この会見の際、昭和天皇は次のように発言したとされています。
「責任はすべてわたしにある。文武百官は、わたしの任命するところだから、彼らに責任はない。わたしの一身はどうなろうと構わない。わたしは貴方にお委せする。このうえは、どうか国民が生活に困らぬよう、連合国の援助をお願いしたい」
昭和天皇のこの御言葉こそ「民主的」なものといえるでしょう。仁徳天皇の「民の竈」の逸話にみられるように国民のことを第一に考えておられました。これこそが御皇室の伝統です。
アメリカ軍の空襲によって皇居内宮殿が焼失していたため、昭和天皇は、ご不自由な居住環境に甘んじておられました。それは国民の苦衷をお考えになってのことでした。
(国民が苦しんでいるときに自分だけ良い思いはできない)
贅沢三昧のマッカーサーと天皇陛下とを比べたら、どちらが「民主的」でしょうか。昭和天皇は、その御心中をいっさい語られませんでしたが、推察の手がかりはあります。長い歴史を有する御皇室には、新しい権力者が登場するたびに懐柔してきた伝統があります。羽柴秀吉が天下をとれば豊臣姓と関白の位を与えて懐柔し、平家が勃興すれば昇殿を許し、源氏や徳川氏が興れば征夷大将軍に任じて統治をまかせてきました。天皇陛下にしてみれば、マッカーサー元帥といえども、京の都に攻めのぼってきた田舎者の木曽義仲くらいに思っていたのかも知れません。
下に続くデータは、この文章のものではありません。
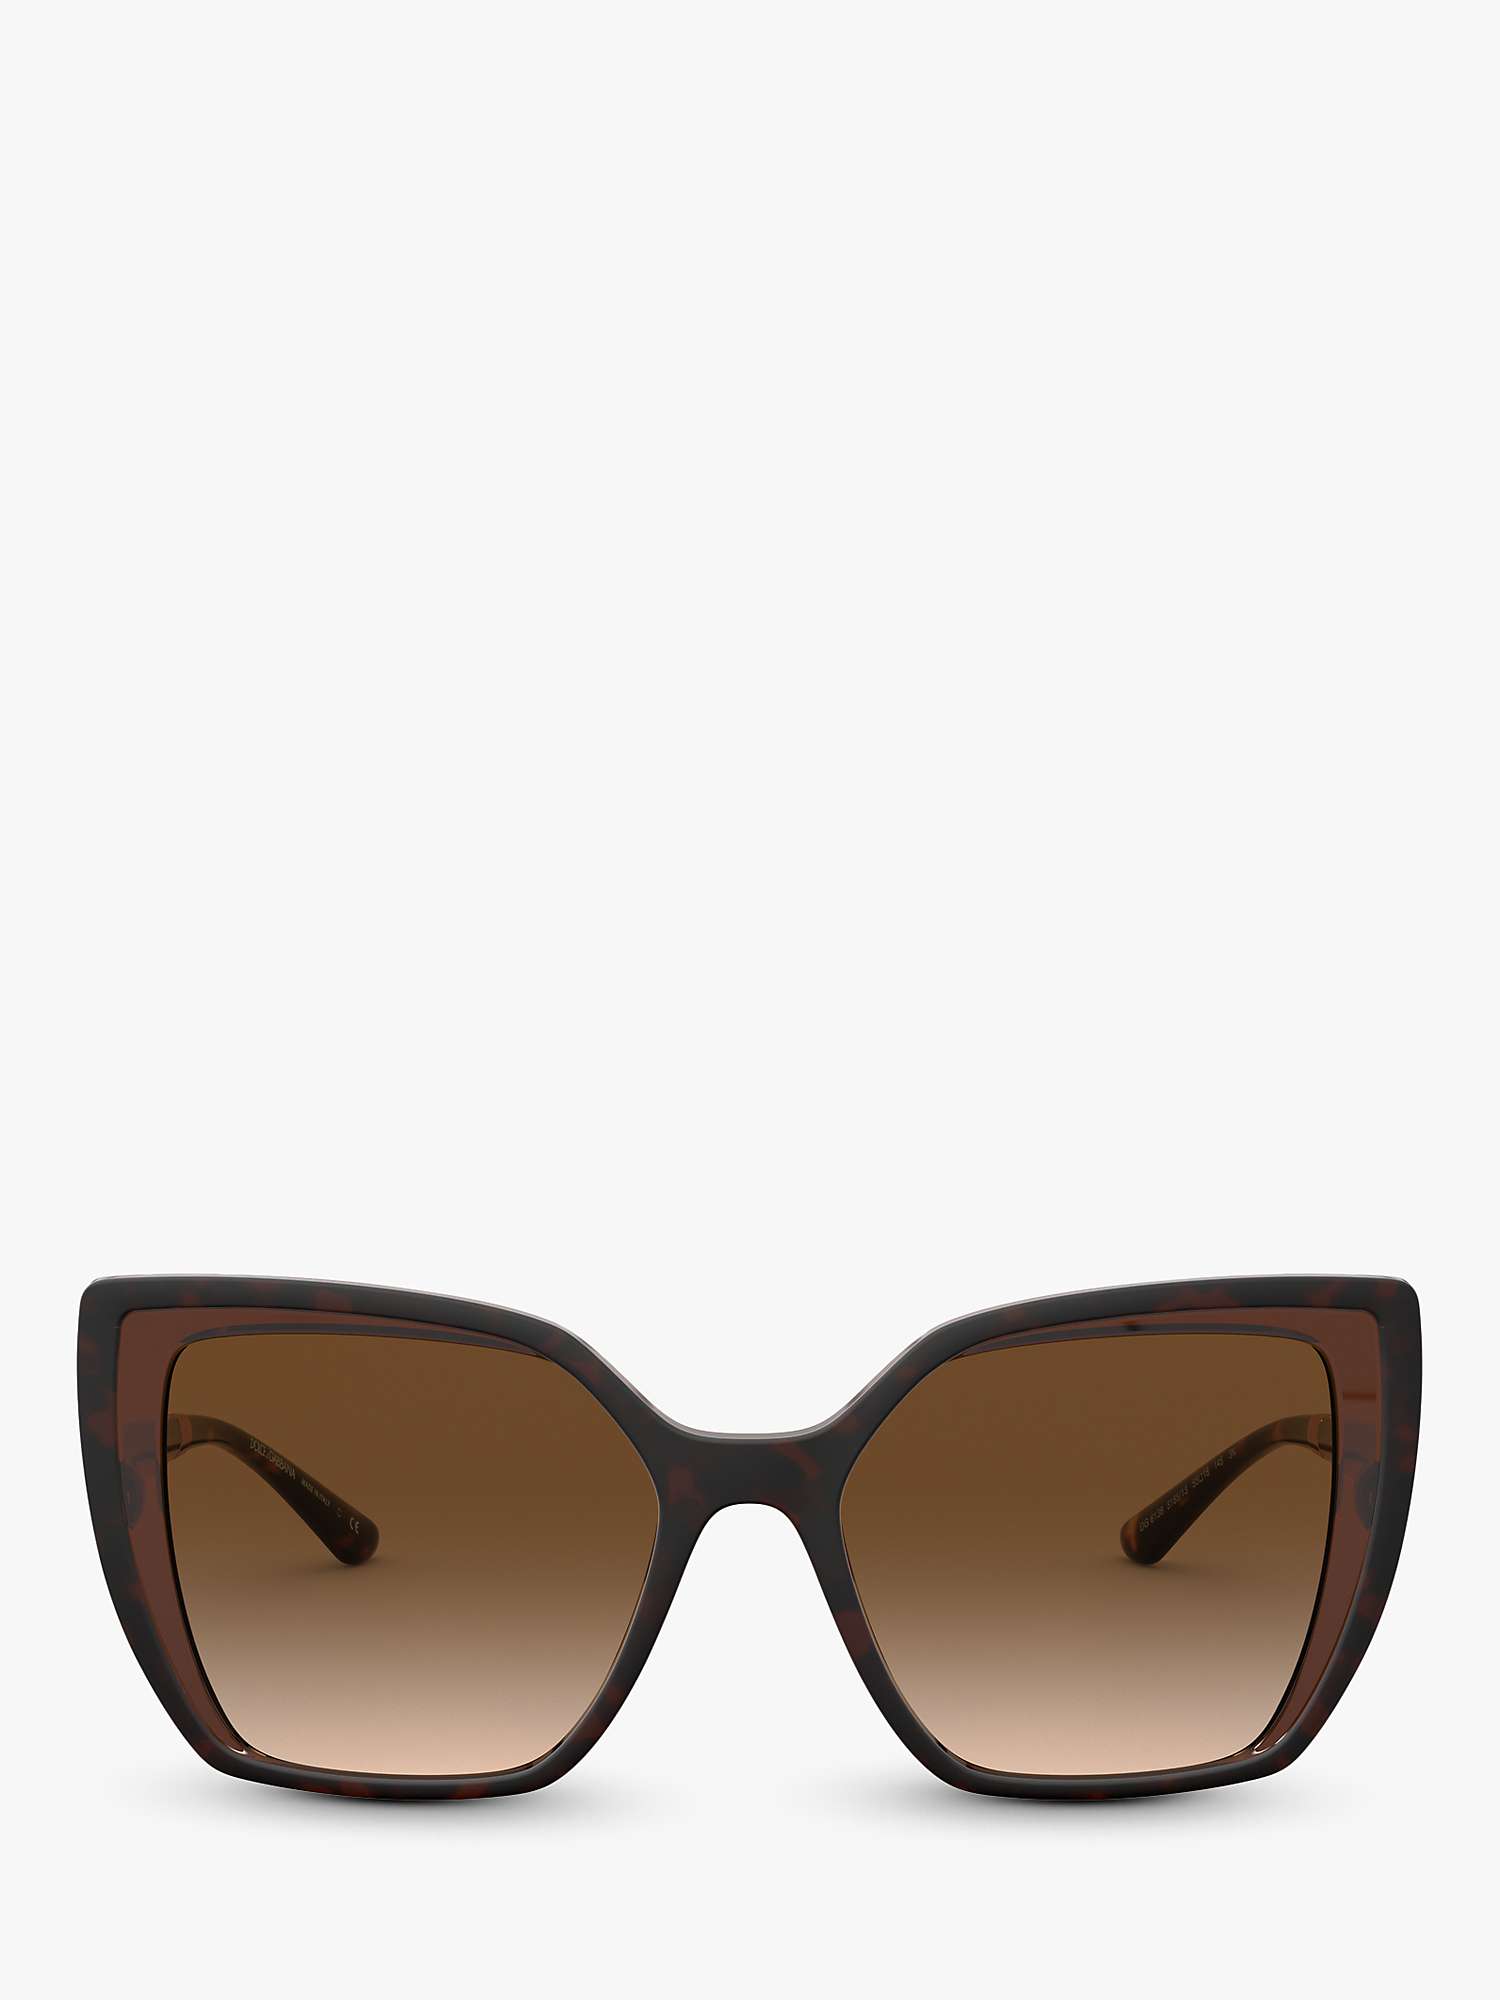 Buy Dolce & Gabbana DG6138 Women's Butterfly Sunglasses, Brown/Brown Gradient Online at johnlewis.com

昭和天皇は、一九四六年(昭和二十一)一月、詔書を発せられました。「新日本建設に関する詔書」と言われるものですが、その正式名称はじつに長く、「新年にあたり誓いを新にして国運を開かんと欲す国民は朕と心を一にしてこの大業を成就せんことをこいねがう」というものです。
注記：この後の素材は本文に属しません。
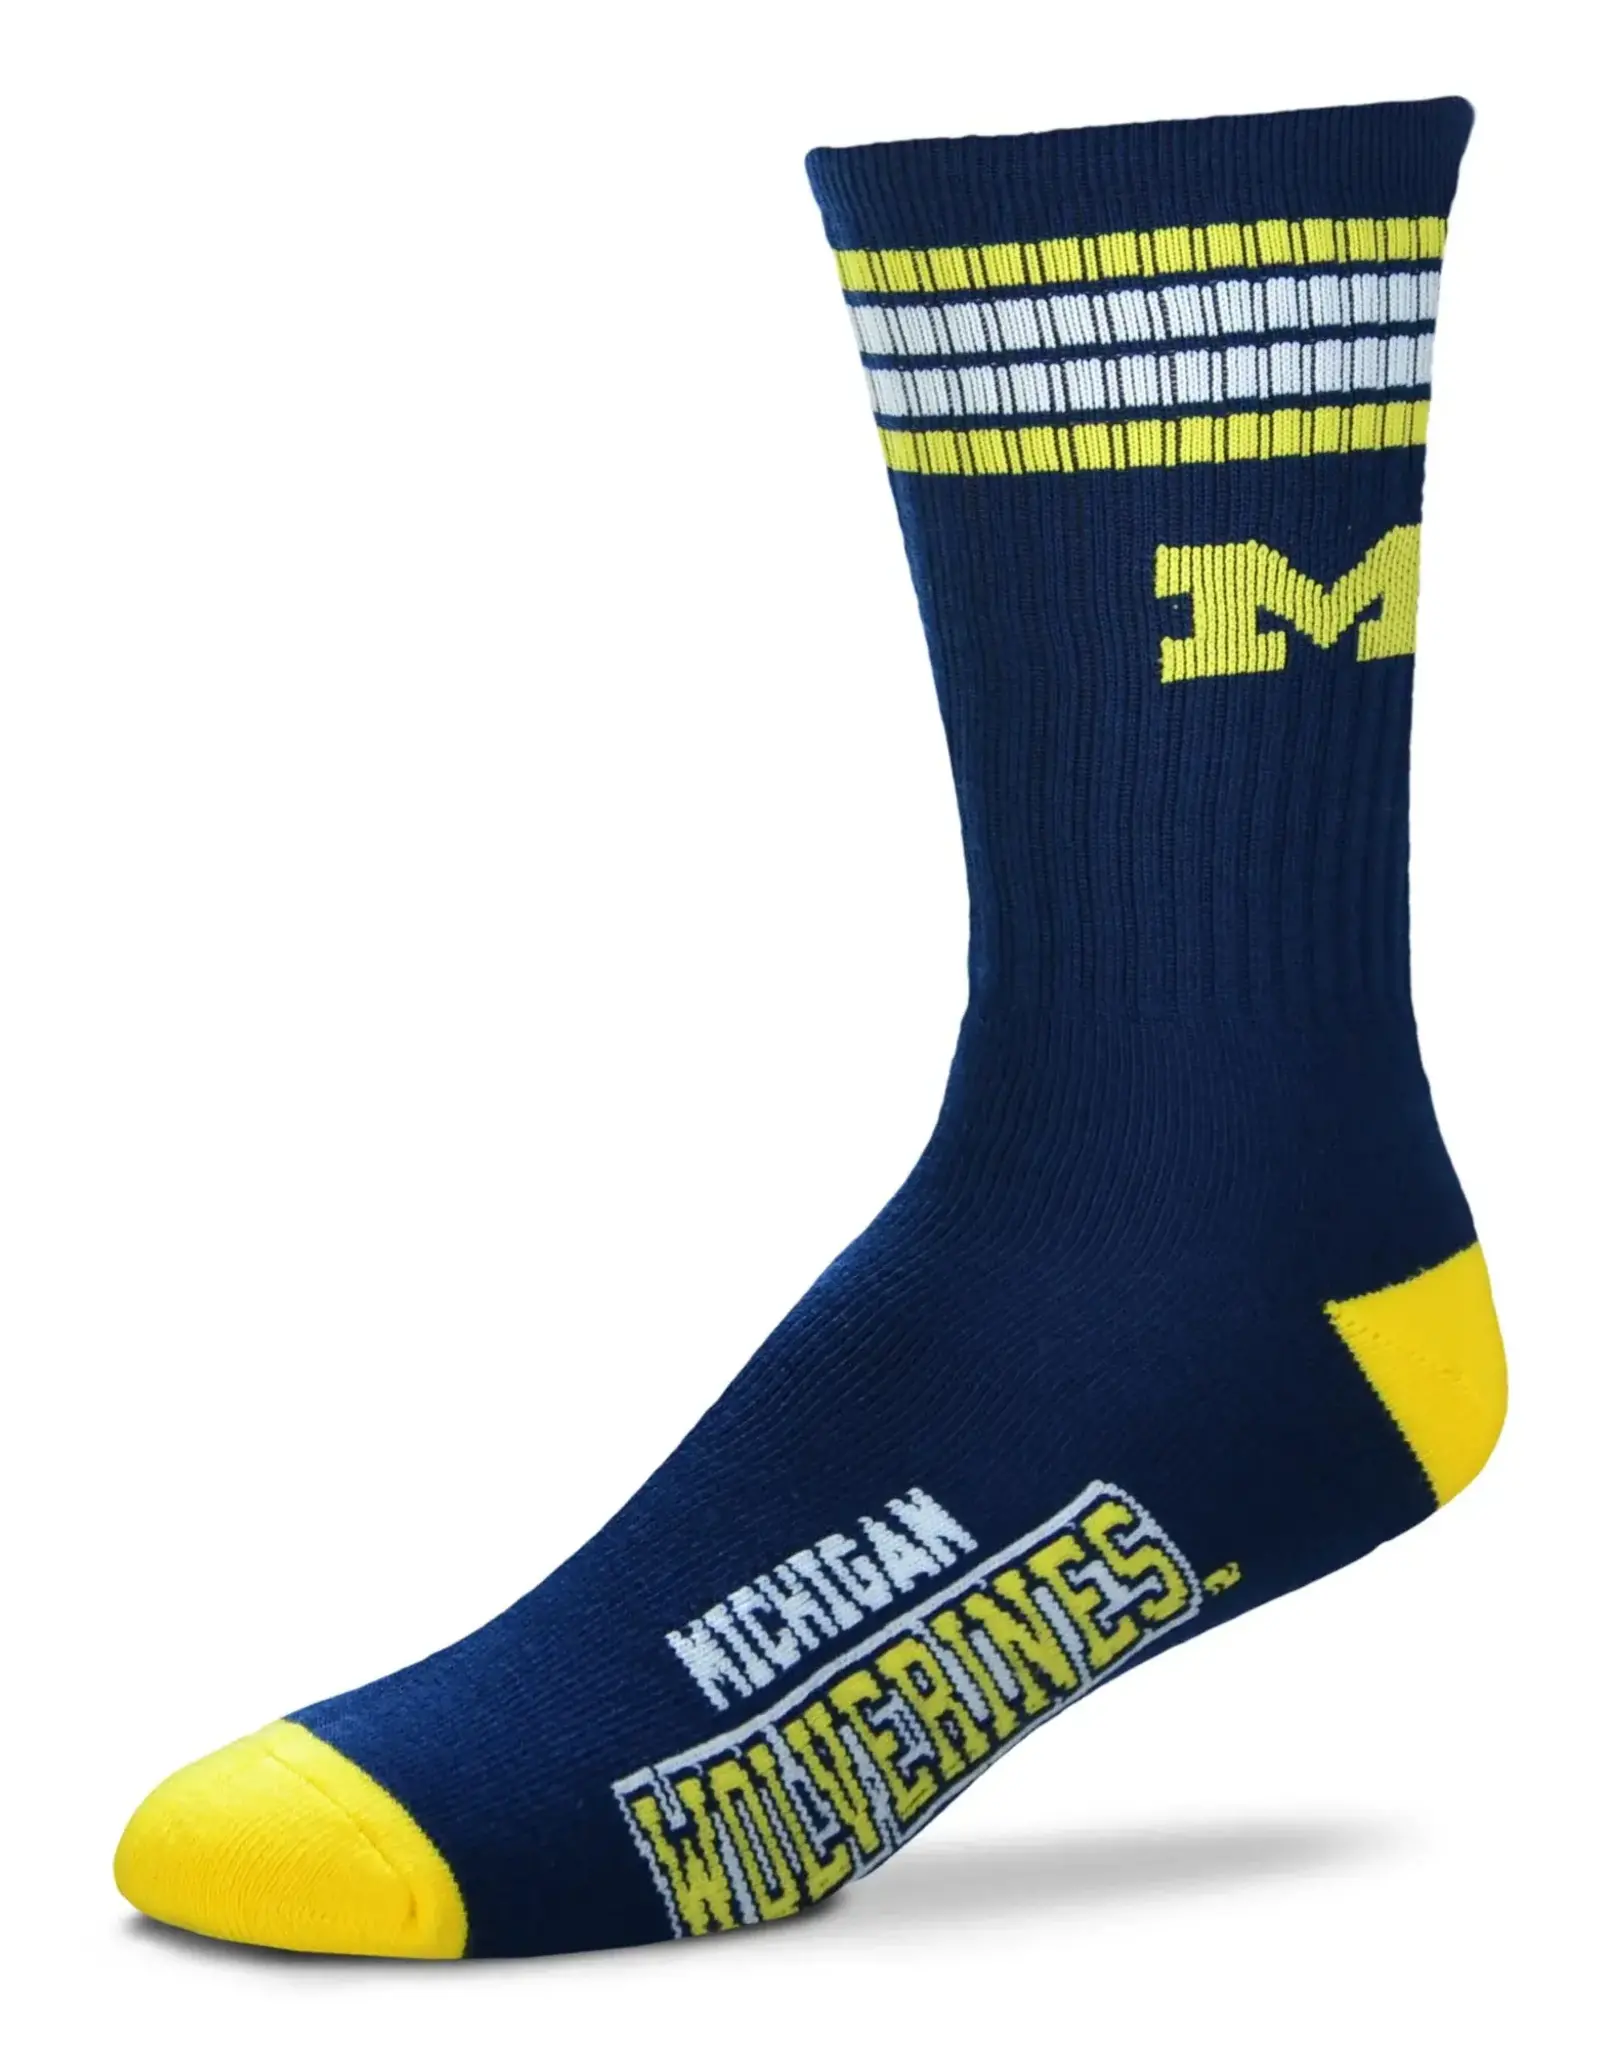 For Bare Feet Michigan Wolverines Men's Deuce Crew Socks

この詔書の冒頭に昭和天皇は五箇条のご誓文を掲げておられます。これこそ天皇陛下から国民にむけた秘かなメッセージだったと思われます。つまり、連合国の連中が尊大な態度で日本を「民主化」するとほざいてはいるが、そんなものはまがい物であり、すでに日本は民主化しているのだよ、という日本国民だけにわかり、連合国の連中にはわからない秘かな伝言だったように思われてなりません。
「朕は爾等国民とともにあり、常に利害を同じうし、休戚をわかたんと欲す」
とあります。十万の将兵をフィリピンに残したまま敵前逃亡したマッカーサー元帥には言えないセリフです。
マッカーサー元帥とGHQ官僚たちには、日本に対する無理解と、勝者の傲慢と、欧米白人特有の人種差別意識が濃厚にありました。マッカーサーは回想記に書いています。
「日本国民は、基本的人権というものは有形にも無形にもまるで持っていなかった。日本国民は、そのような先天的な権利があるという考えに触れたことがなかったため、何世紀もの間、基本的人権をもつということがどのようなことかを知らずにすごしていたのである」
アメリカ人の無知と傲慢が見事に表現されています。マッカーサーは日本のことを何も知らなかったのです。大日本帝国憲法さえ知らなかったことがわかります。それにしても、ずいぶん馬鹿にしてくれたものです。アメリカよりも遙かに早く普通選挙を実施したのが日本だったことを知らなかったのです。
そもそもアメリカの歴史はどうでしょう。欧州で食い詰めたあげくにアメリカ大陸に移民し、インディアンを虐殺し、黒人を奴隷にした奴隷商人の末裔に過ぎないアメリカ人の思い上がりが極まったような文章です。
マッカーサーの無知を昭和天皇は感得されていたに違いなく、だからこそ詔書の冒頭に五箇条のご誓文を引用なさったのでしょう。
問題は、日本国民が昭和天皇の御宸襟をお察しできたか否かです。それは難しかったようです。敗戦直後の日本国民は、その日の食事やねぐらを探すのに精一杯でした。マッカーサーと昭和天皇のふたりが並ぶ写真が新聞に掲載されると、それ見て激怒した日本人もいましたが、早くもマッカーサーになびく日本人も現れました。残念ながら、勝者になびく日本人が決して少なくなかったのです。